Given entries Start Marker

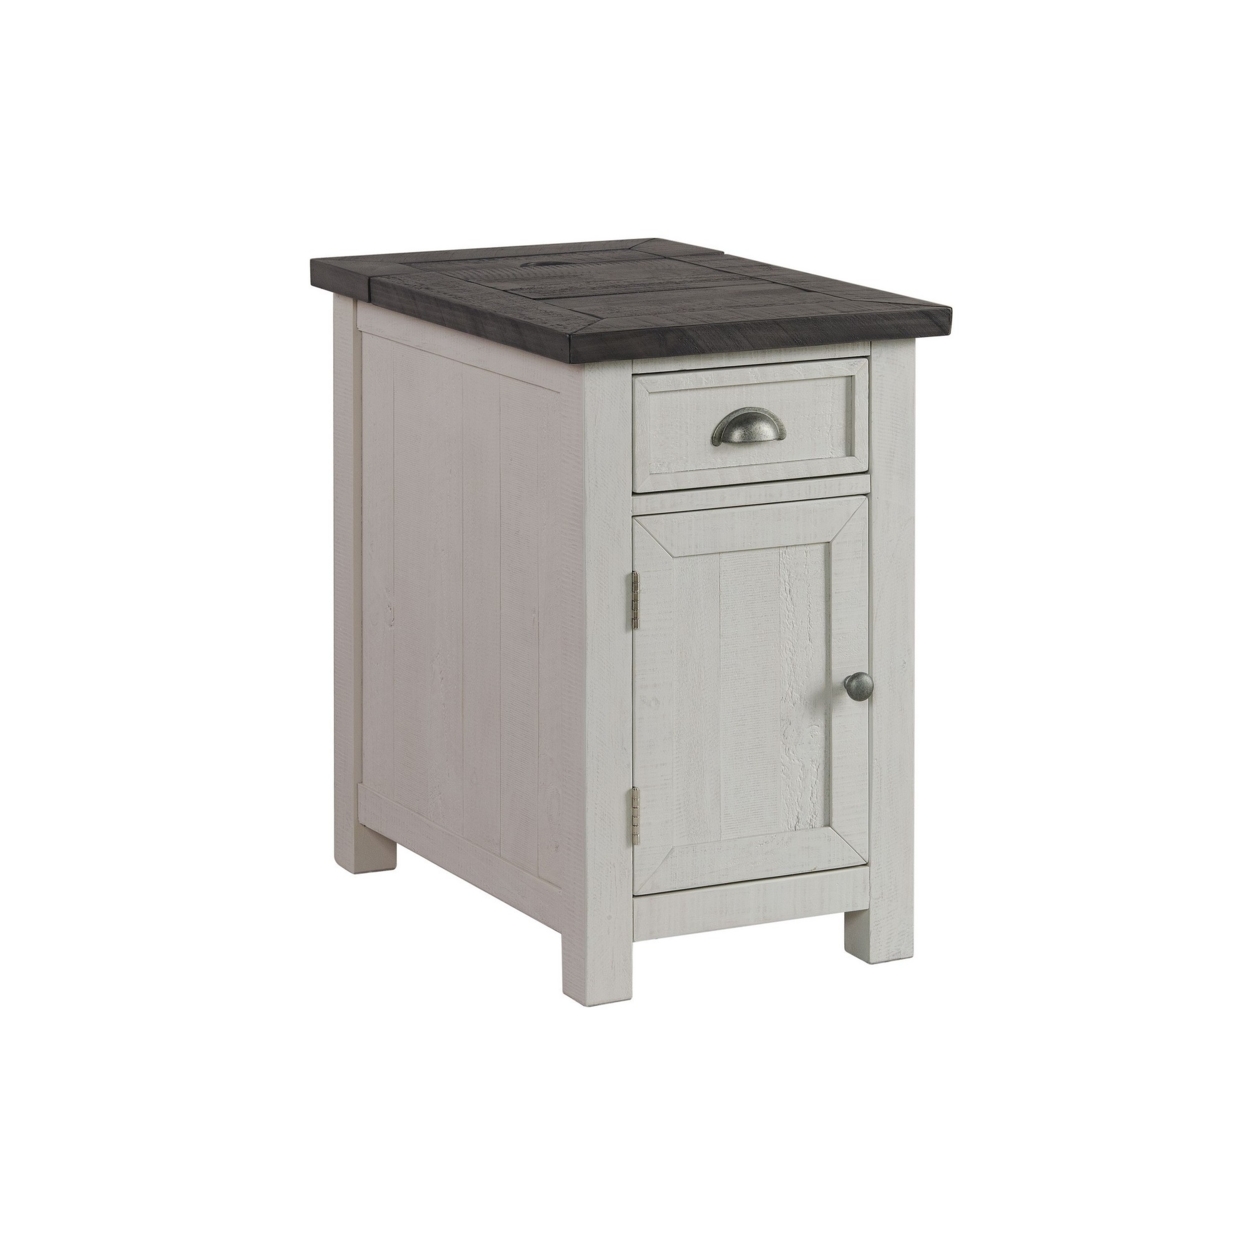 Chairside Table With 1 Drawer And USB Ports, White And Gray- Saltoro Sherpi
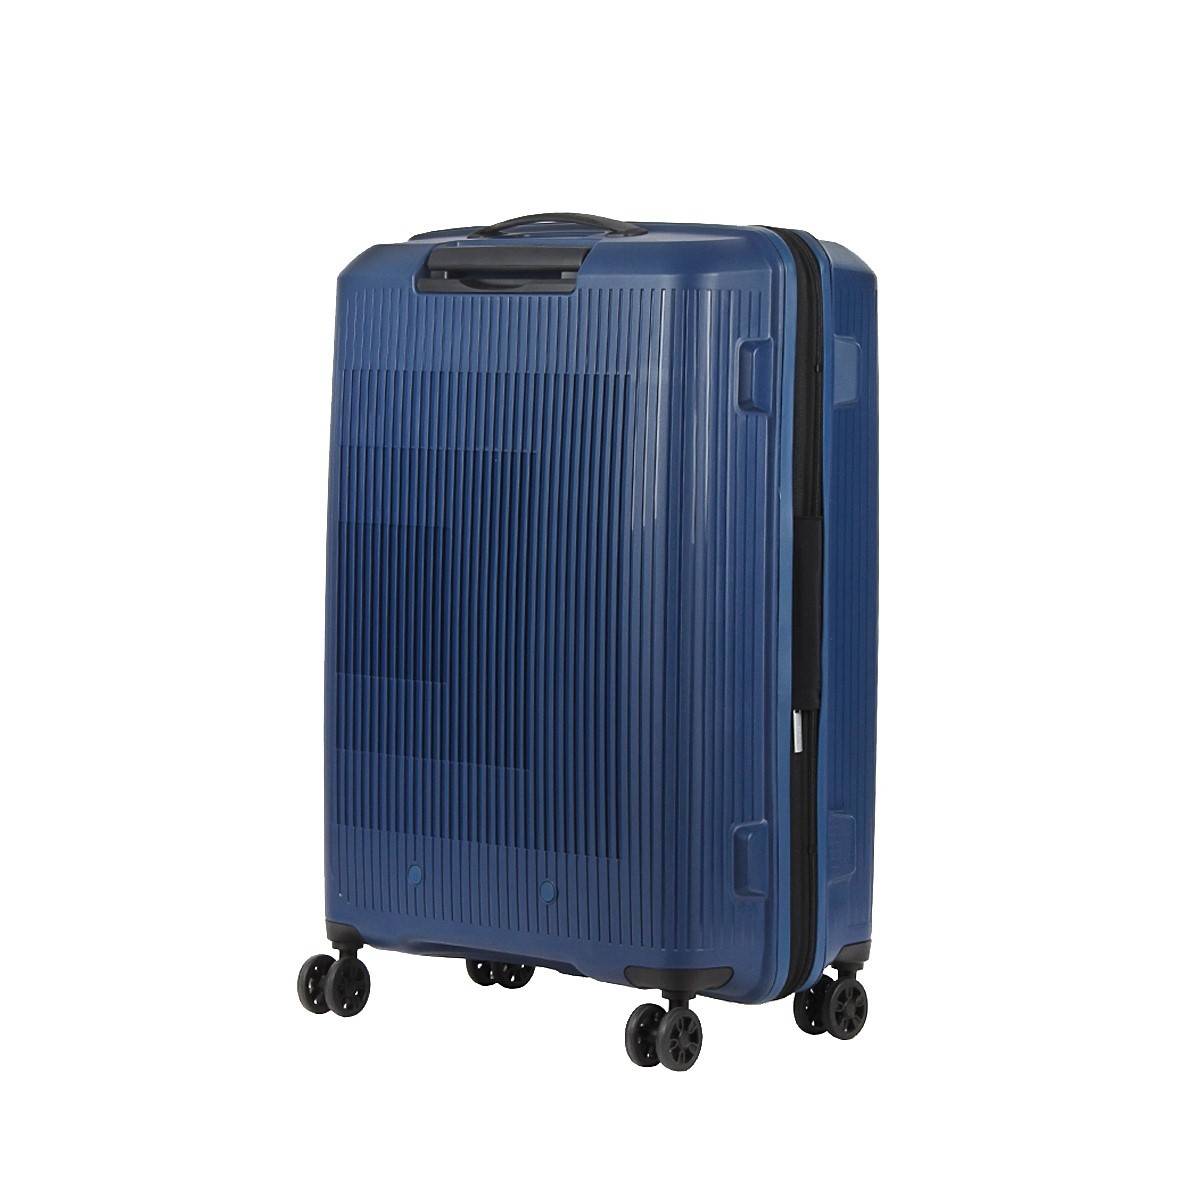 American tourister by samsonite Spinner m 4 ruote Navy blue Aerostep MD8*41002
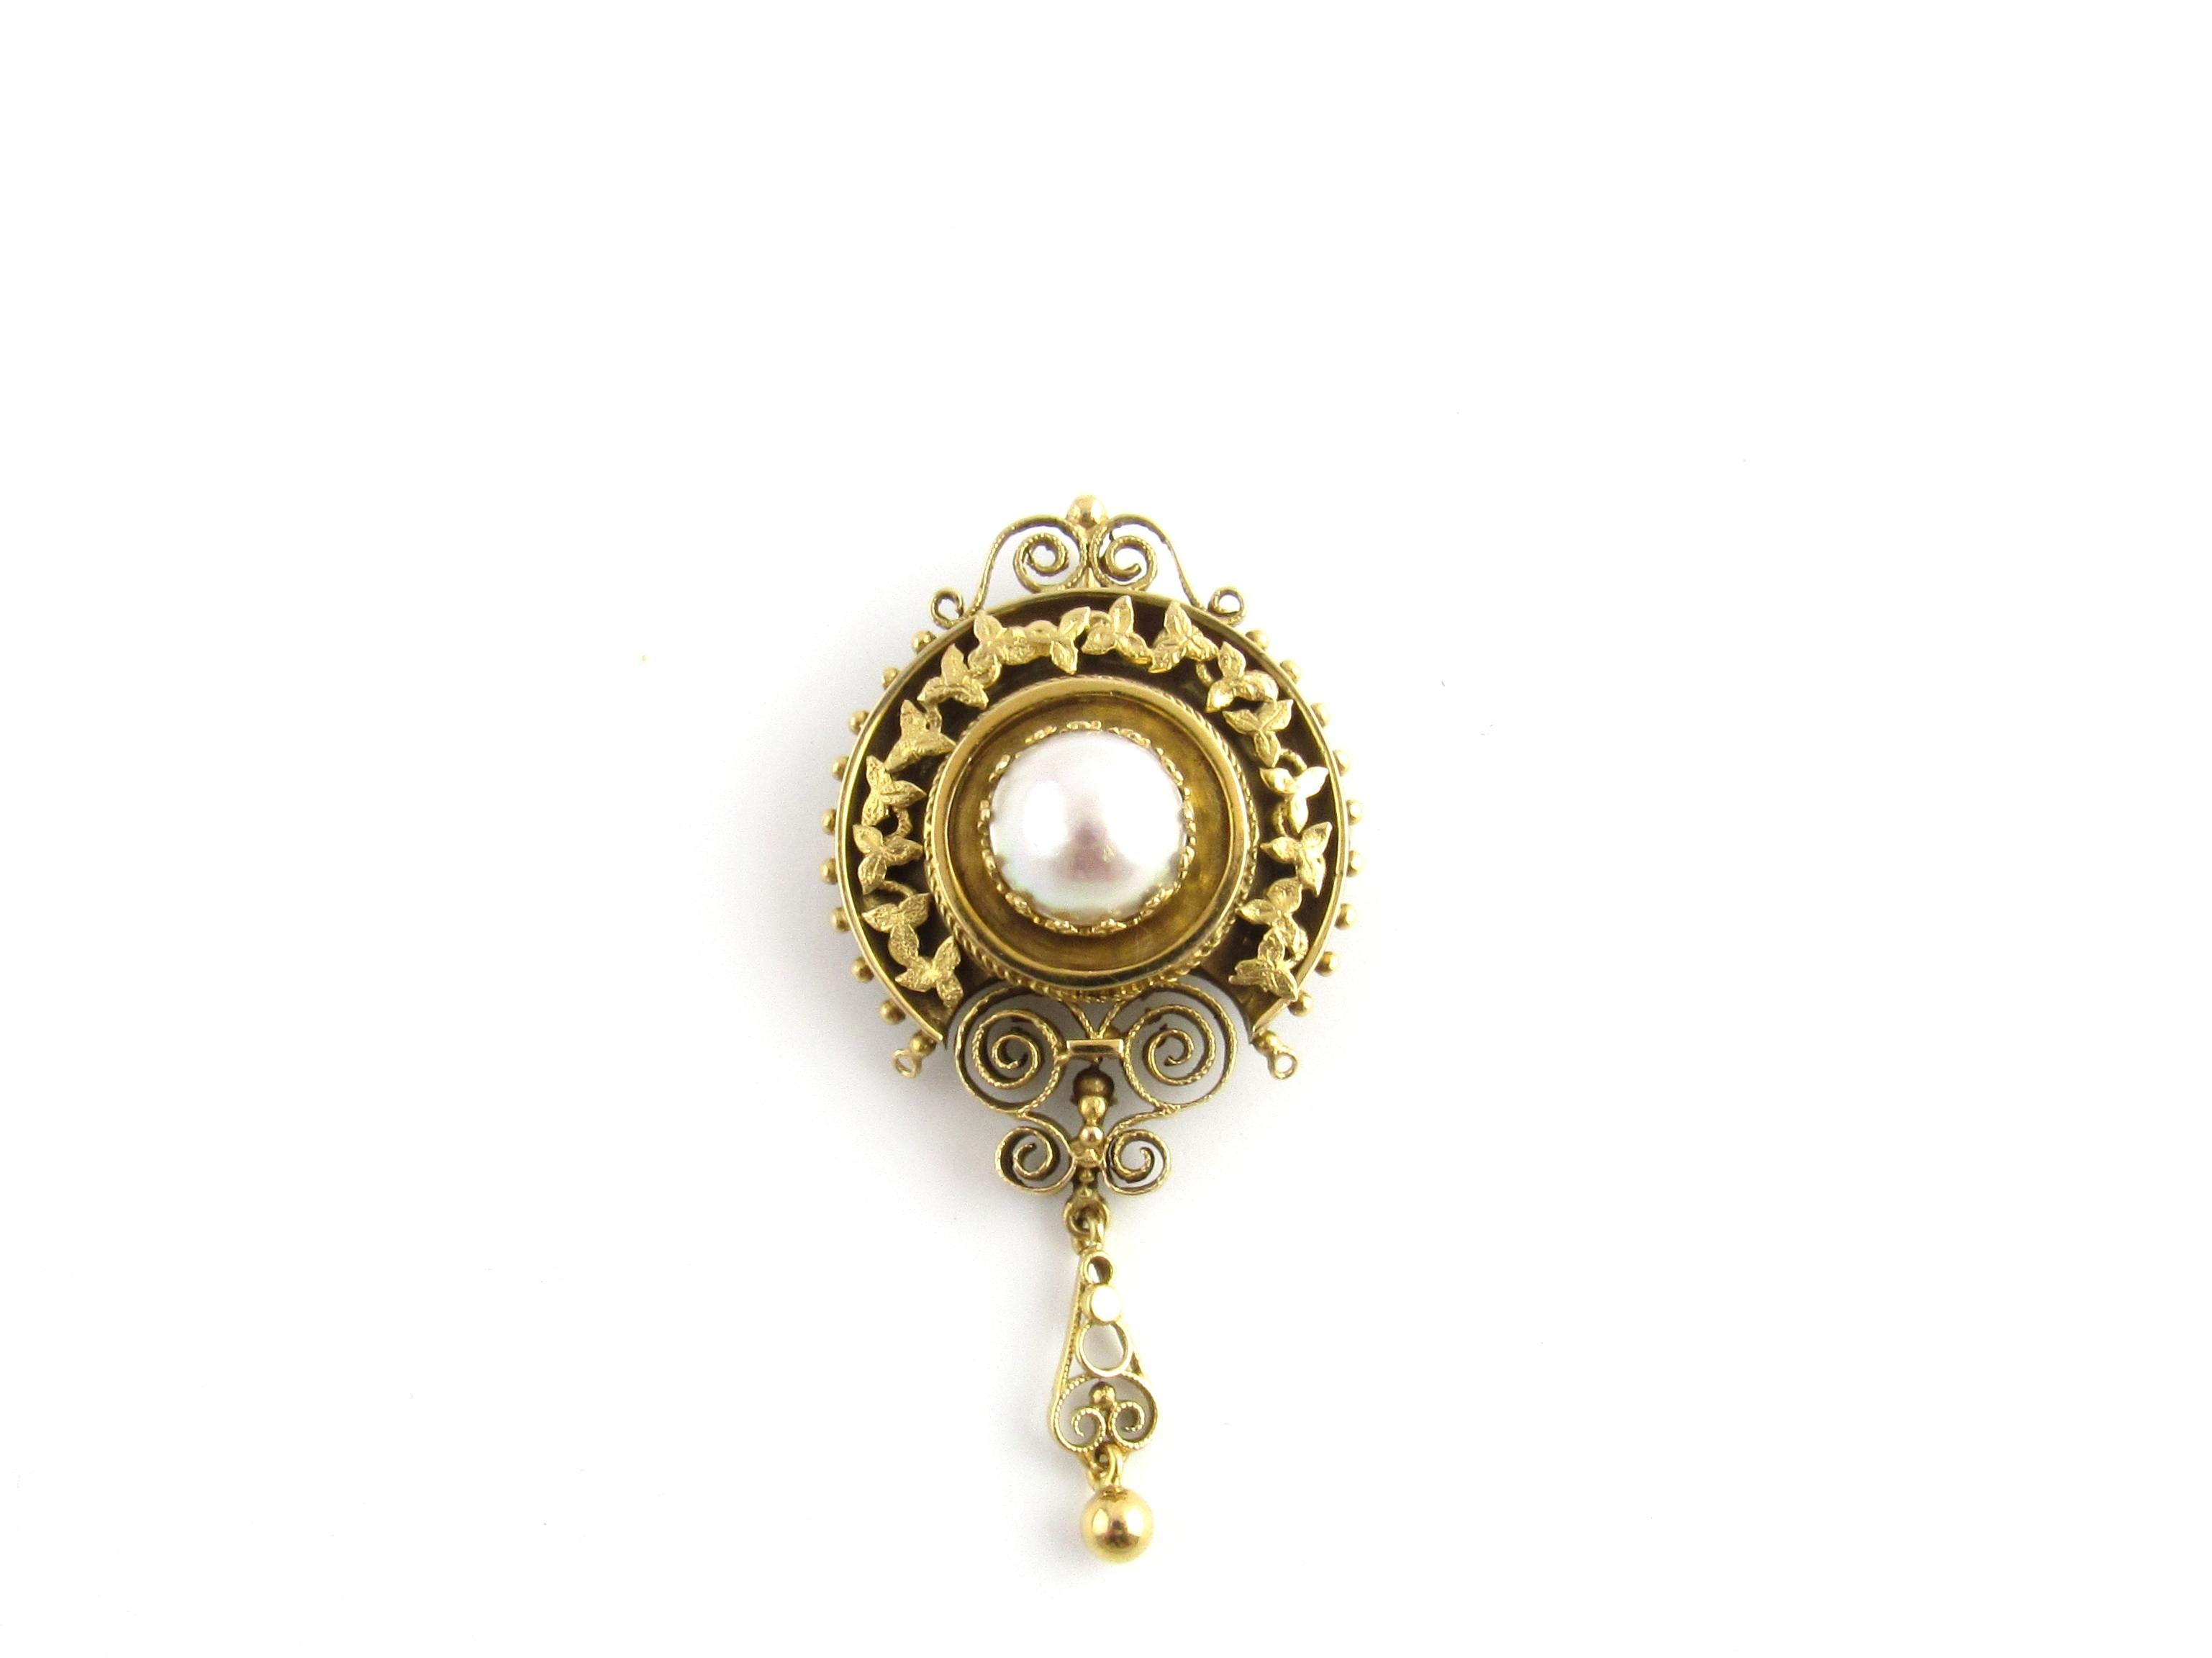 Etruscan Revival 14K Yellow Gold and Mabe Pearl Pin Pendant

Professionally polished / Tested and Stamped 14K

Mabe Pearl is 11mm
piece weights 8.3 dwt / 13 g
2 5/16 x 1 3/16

Given entries End Marker

• **Work task**
Write out only the lines from the one containing "Professionally polished /" through the end of the listing above, exactly as they stand.

• **Written response**
Professionally polished / Tested and Stamped 14K

Mabe Pearl is 11mm
piece weights 8.3 dwt / 13 g
2 5/16 x 1 3/16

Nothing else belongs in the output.